Segment Open
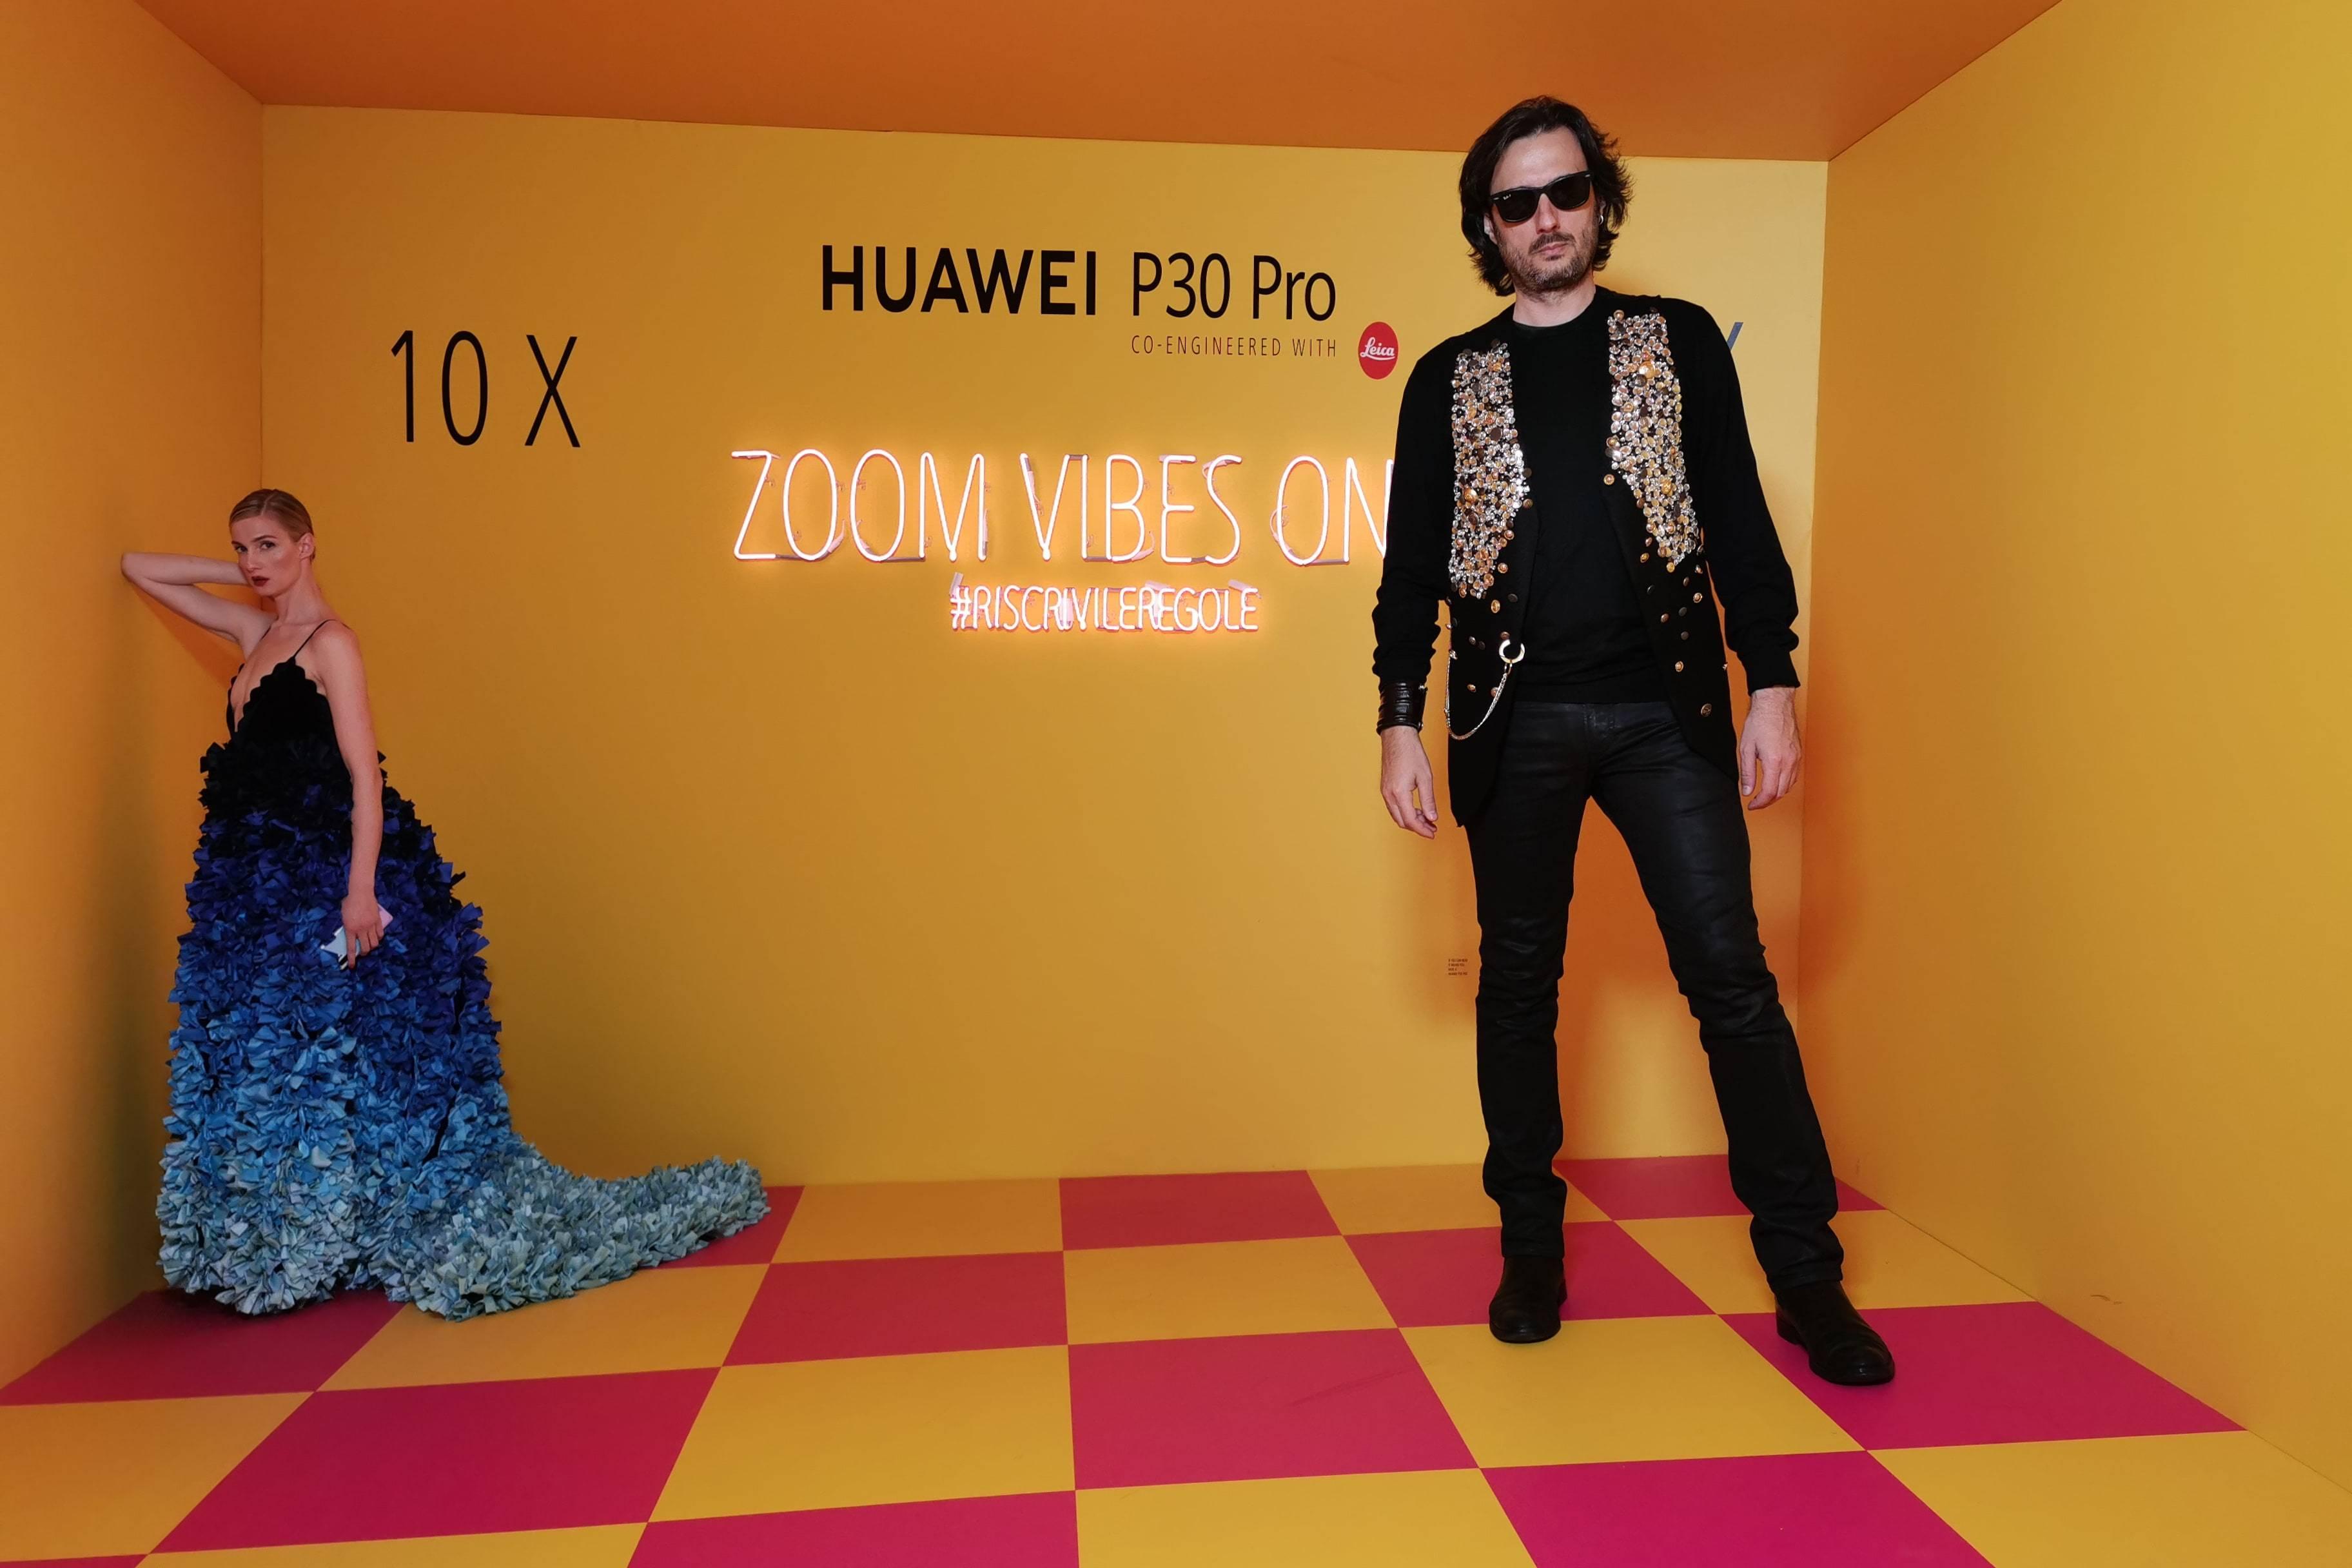 Huawei p 30 pro zoom vibe on
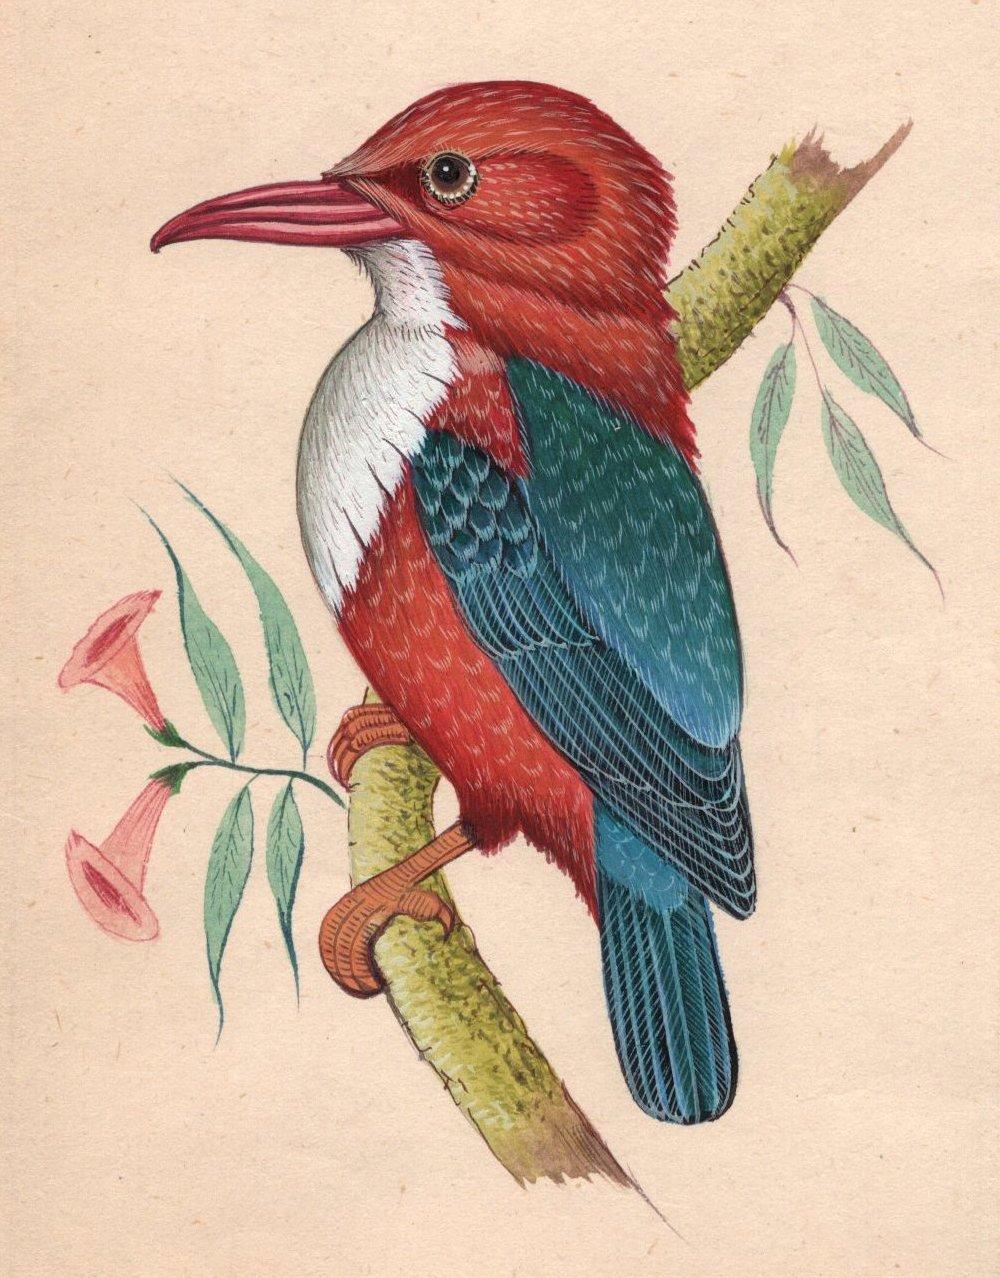 Kingfisher Bird Miniature Painting Hand Painted Indian Nature Ornithology Art
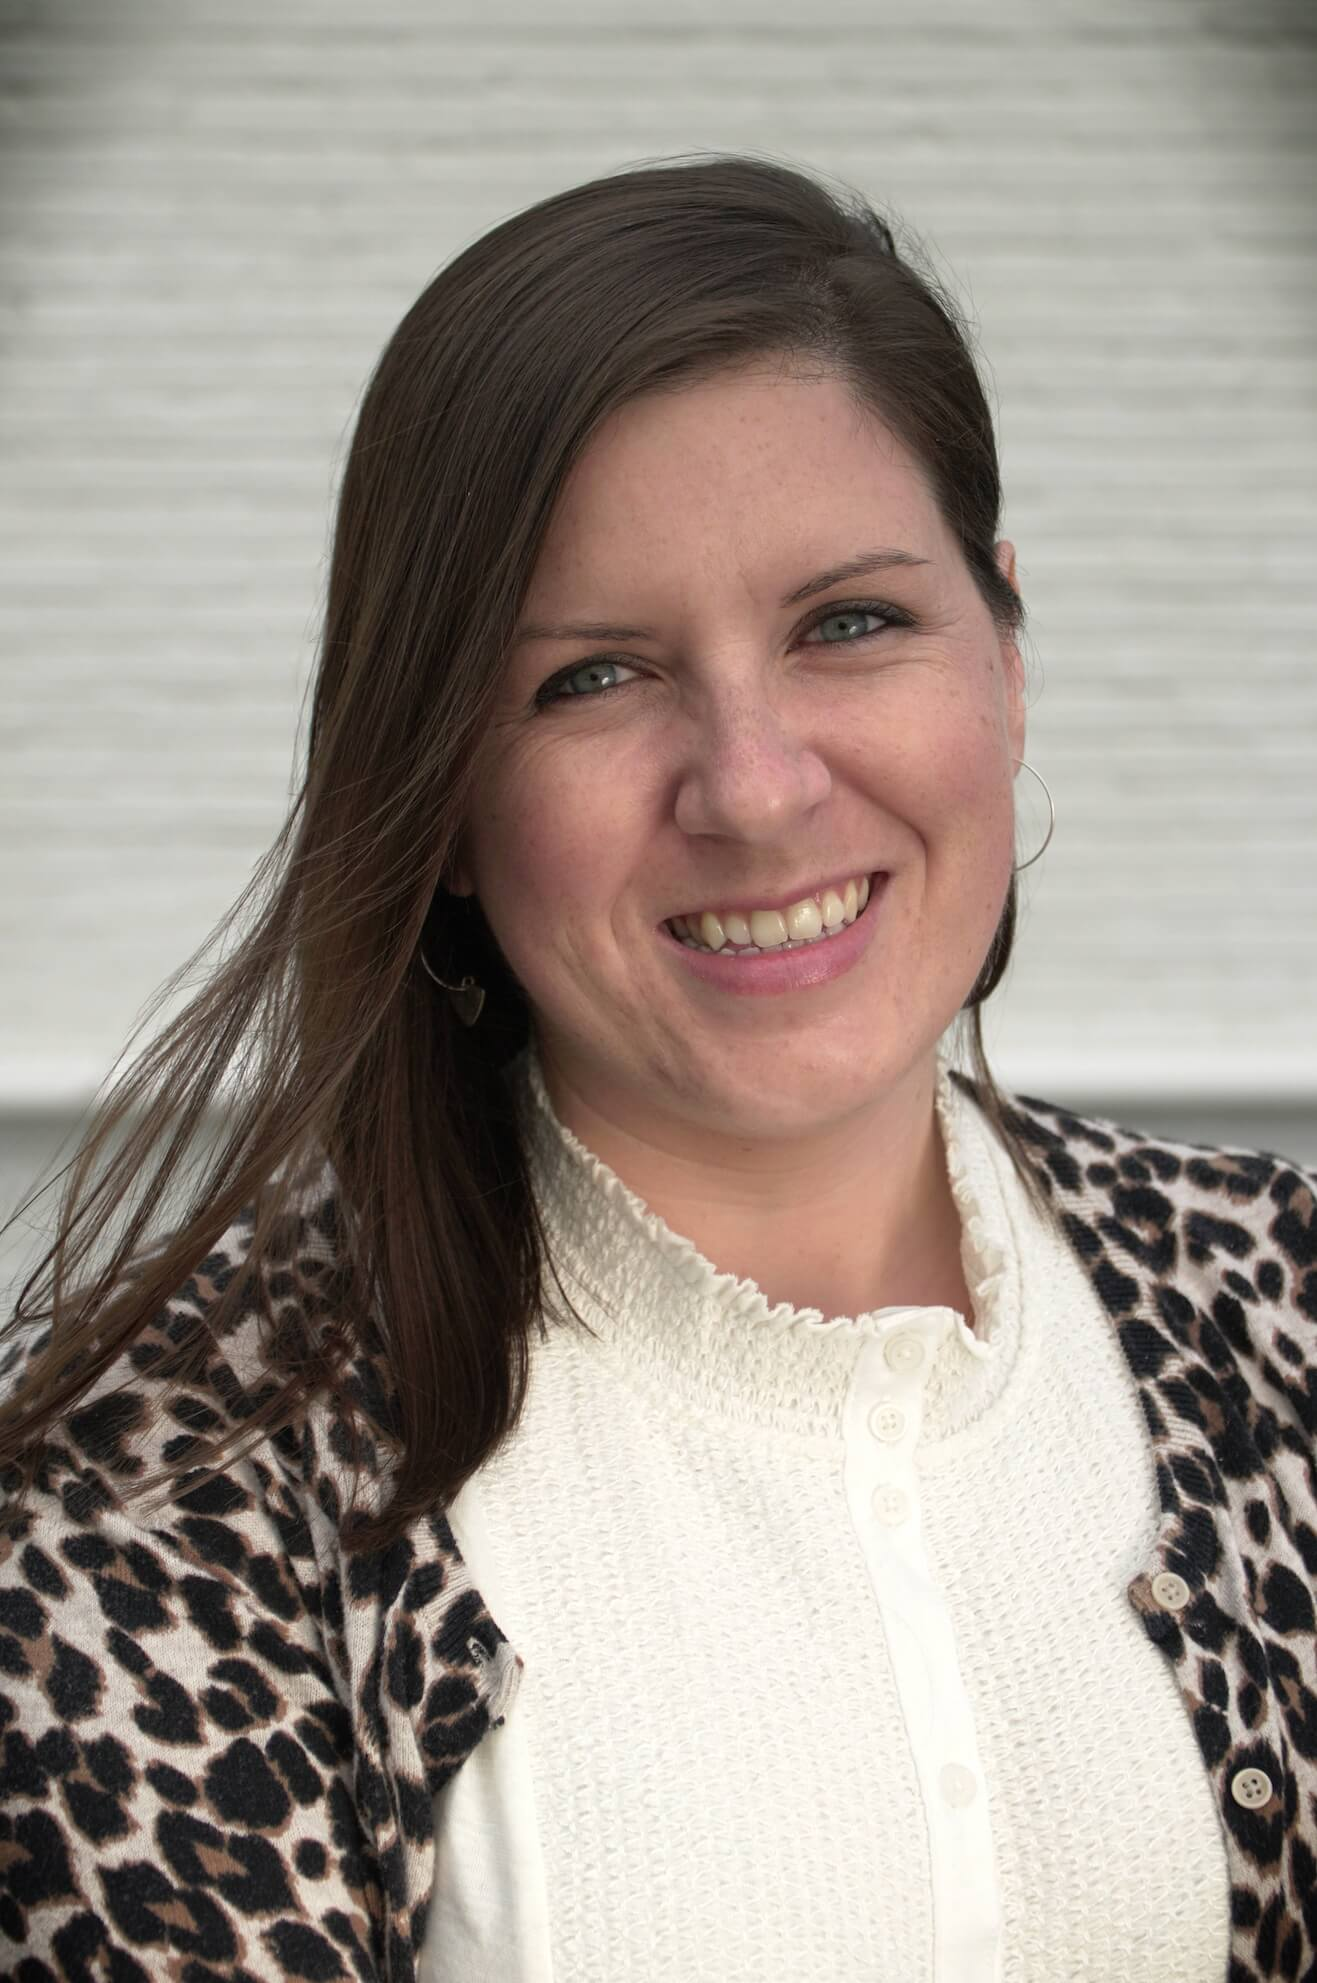 Susan Stutzman Child Therapist and Play Therapist
Segment Closed
Retype the data in full. Images do not go in the copy.

• **Output below**
 Huawei p 30 pro zoom vibe on
 Kingfisher Bird Miniature Painting Hand Painted Indian Nature Ornithology Art
 Susan Stutzman Child Therapist and Play Therapist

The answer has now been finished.